A few critical differences exist between graphic design and coding that make learning on one’s own less straightforward than learning to write code.
With code, there are correct ways, wrong ways, preferred ways, deprecated ways, and ways that involve choosing between acceptable options. There’s some of that in graphic design, but in far more ways, no cut-and-dried answers exist.
In graphic design, there’s the added slippery, nebulous complexity of aesthetics and whether or not the design is appropriate for the job at hand. There’s no such thing as a code validator for graphic design, nor can it be checked in a web browser to see if everything displays correctly.
Graphic design is, in some ways, akin to writing a novel or composing the score to a movie. There’s a big, grayish, multi-dimensional continuum between what most people would agree is good and not so good. Does the typeface work? Is the color too dark? Is the personality appropriate? Does it evoke the right emotions? Are there unintended connotations? Is it boring? Is it too loud or too passive? Is there too much tension, or is it too easy-going and forgettable?
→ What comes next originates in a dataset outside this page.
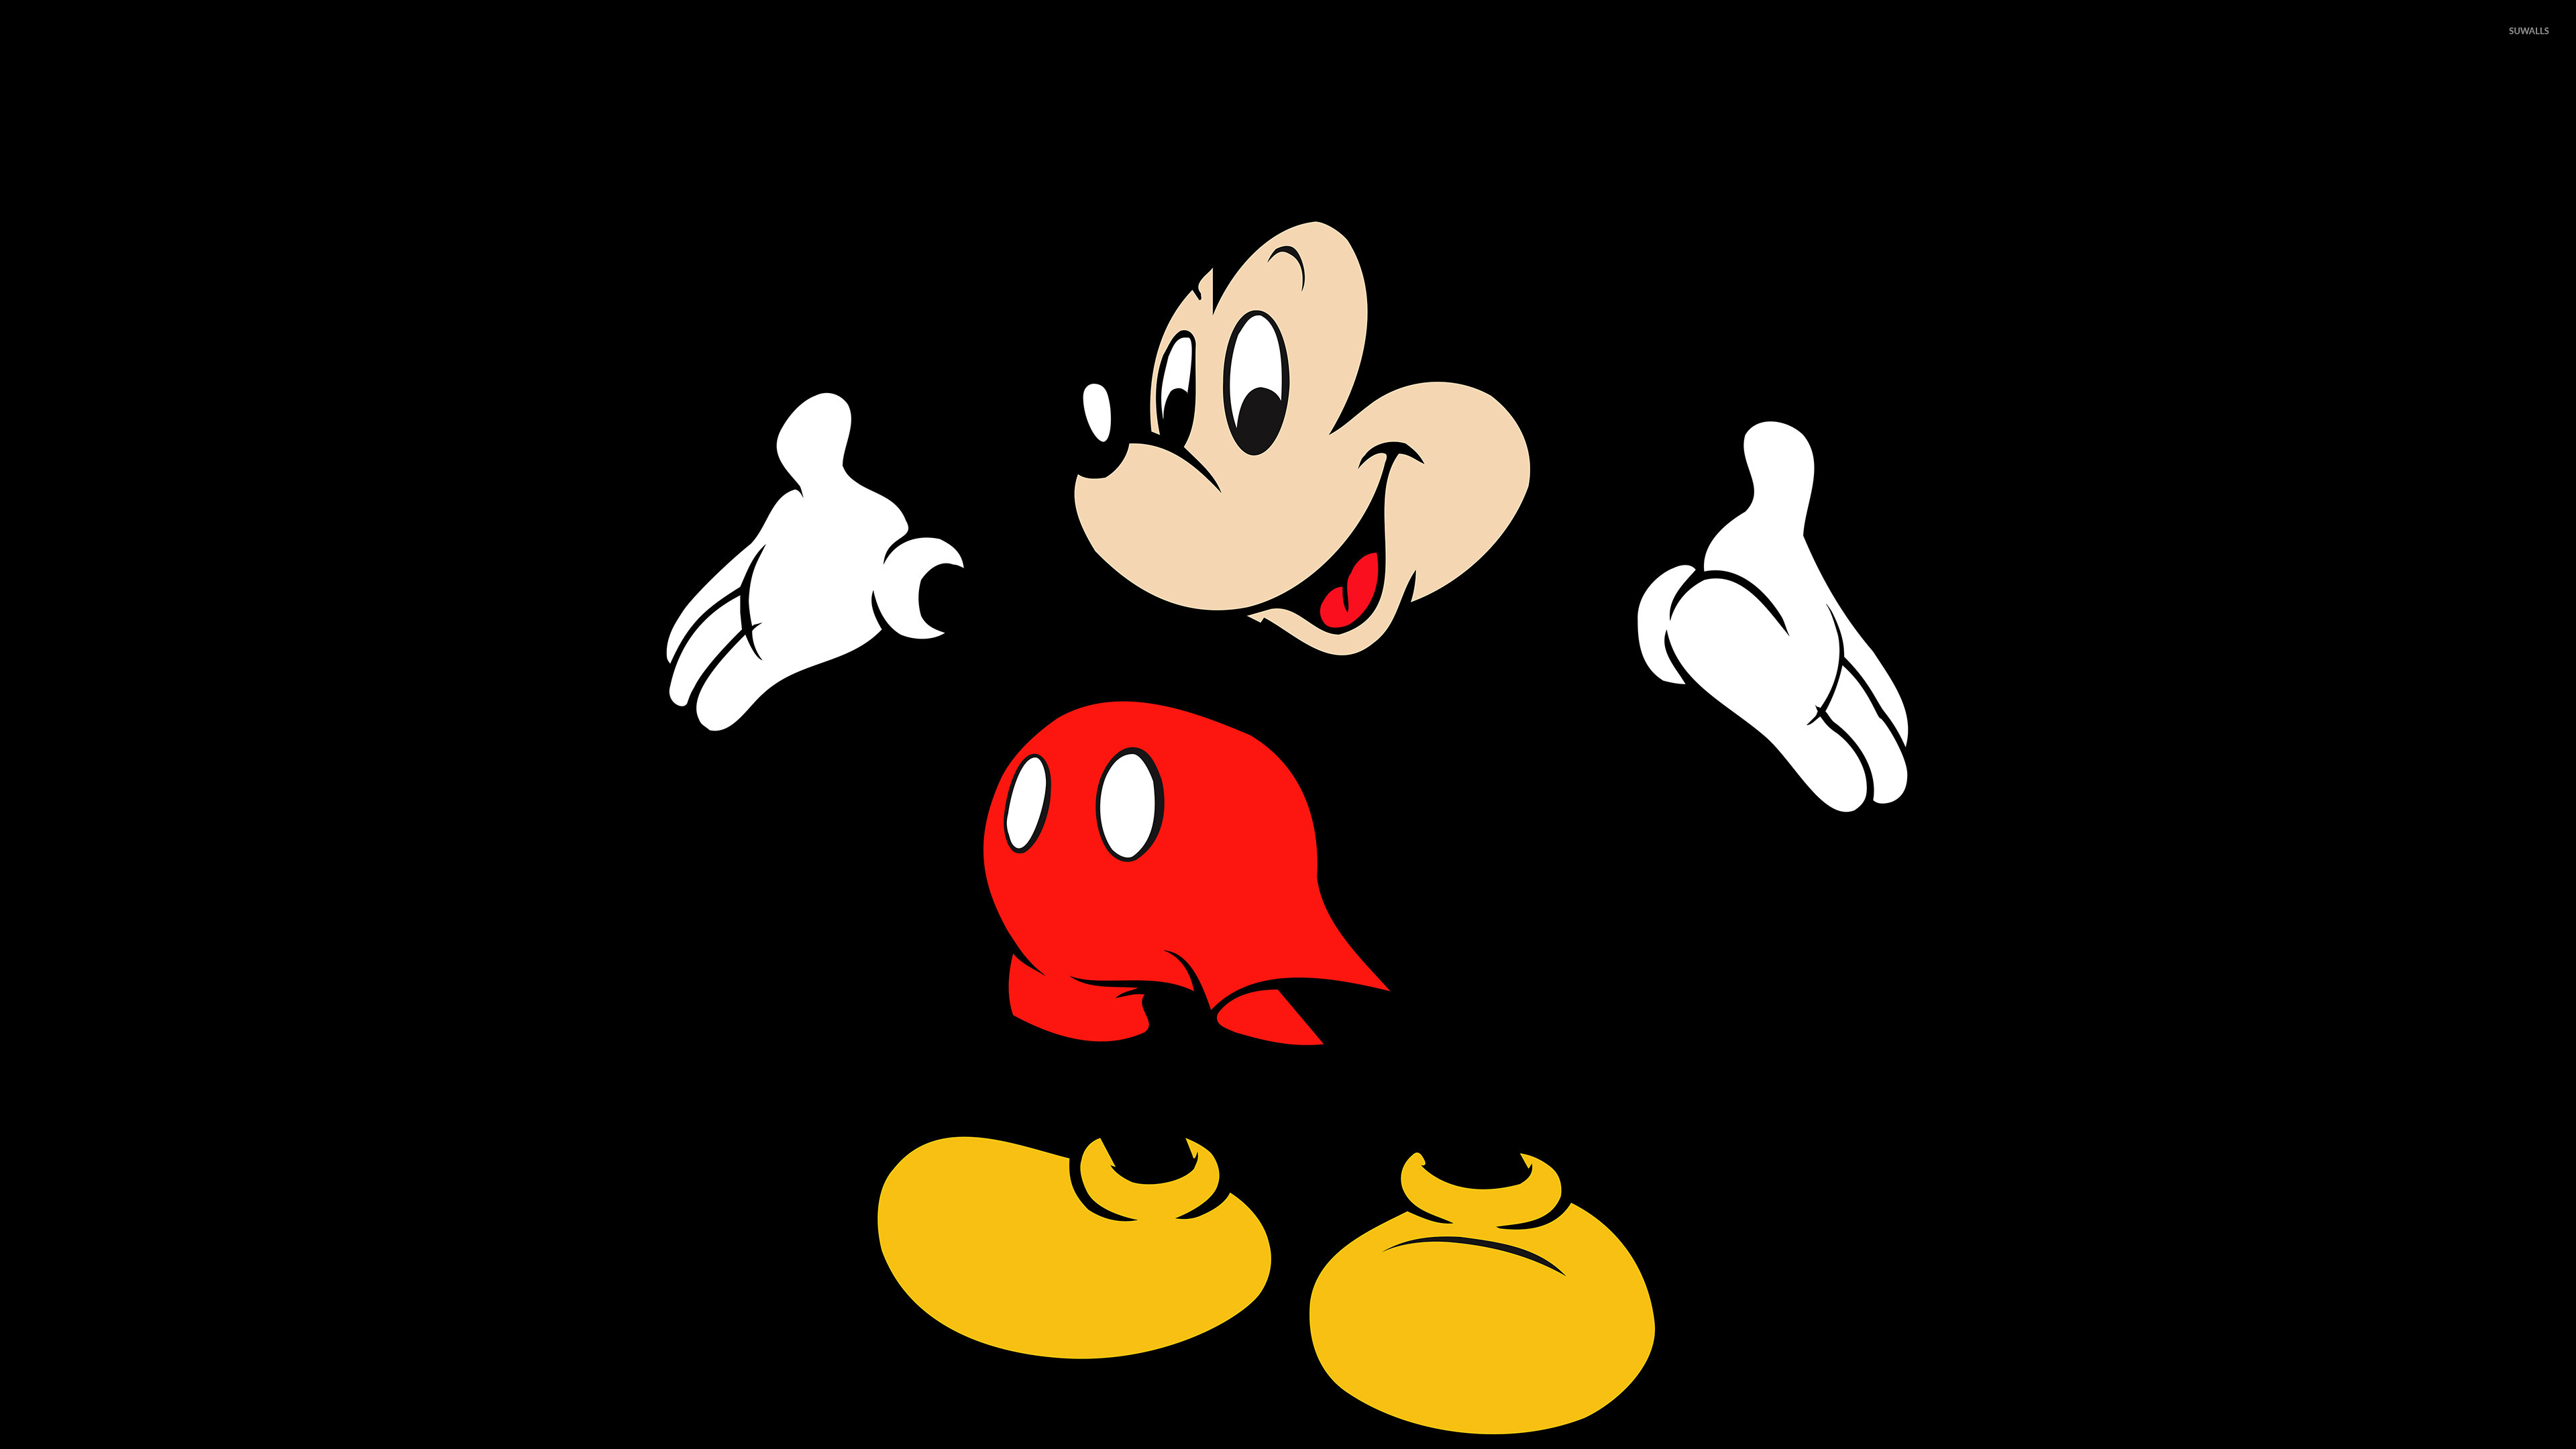 Disney Michey Mouse скачать
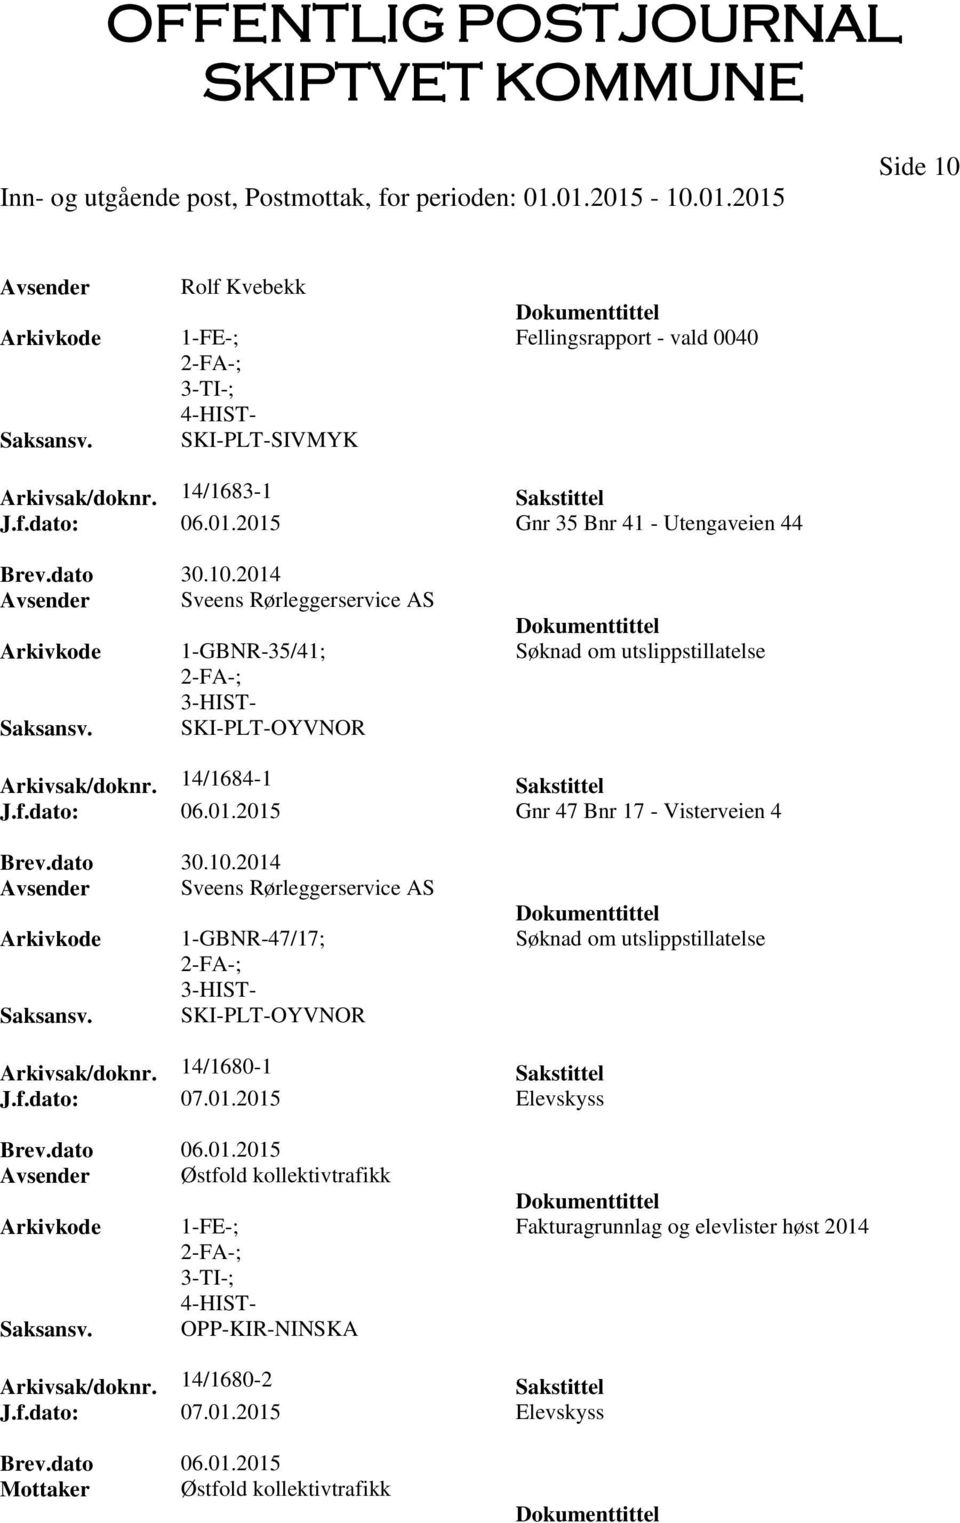 2014 Avsender Sveens Rørleggerservice AS 1-GBNR-47/17; SKI-PLT-OYVNOR Søknad om utslippstillatelse Arkivsak/doknr. 14/1680-1 Sakstittel J.f.dato: 07.01.2015 Elevskyss Brev.dato 06.01.2015 Avsender Østfold kollektivtrafikk OPP-KIR-NINSKA Fakturagrunnlag og elevlister høst 2014 Arkivsak/doknr.

I could go on, but there’s no book, no online tutorial, and no one opinion that will give you definitive answers on any of these kinds of things. Instead, it’s a matter of practice, evaluation, adjustment, critical analysis, mistakes, failures, successes, soaking in various opinions, and developing an increasing level of intuitive sensitivity based upon all these things over many years.
I won’t say that learning design is any more or less difficult than coding, but I will say that the learning takes place differently. And that difference doesn’t lend itself to something along the lines of Codecademy.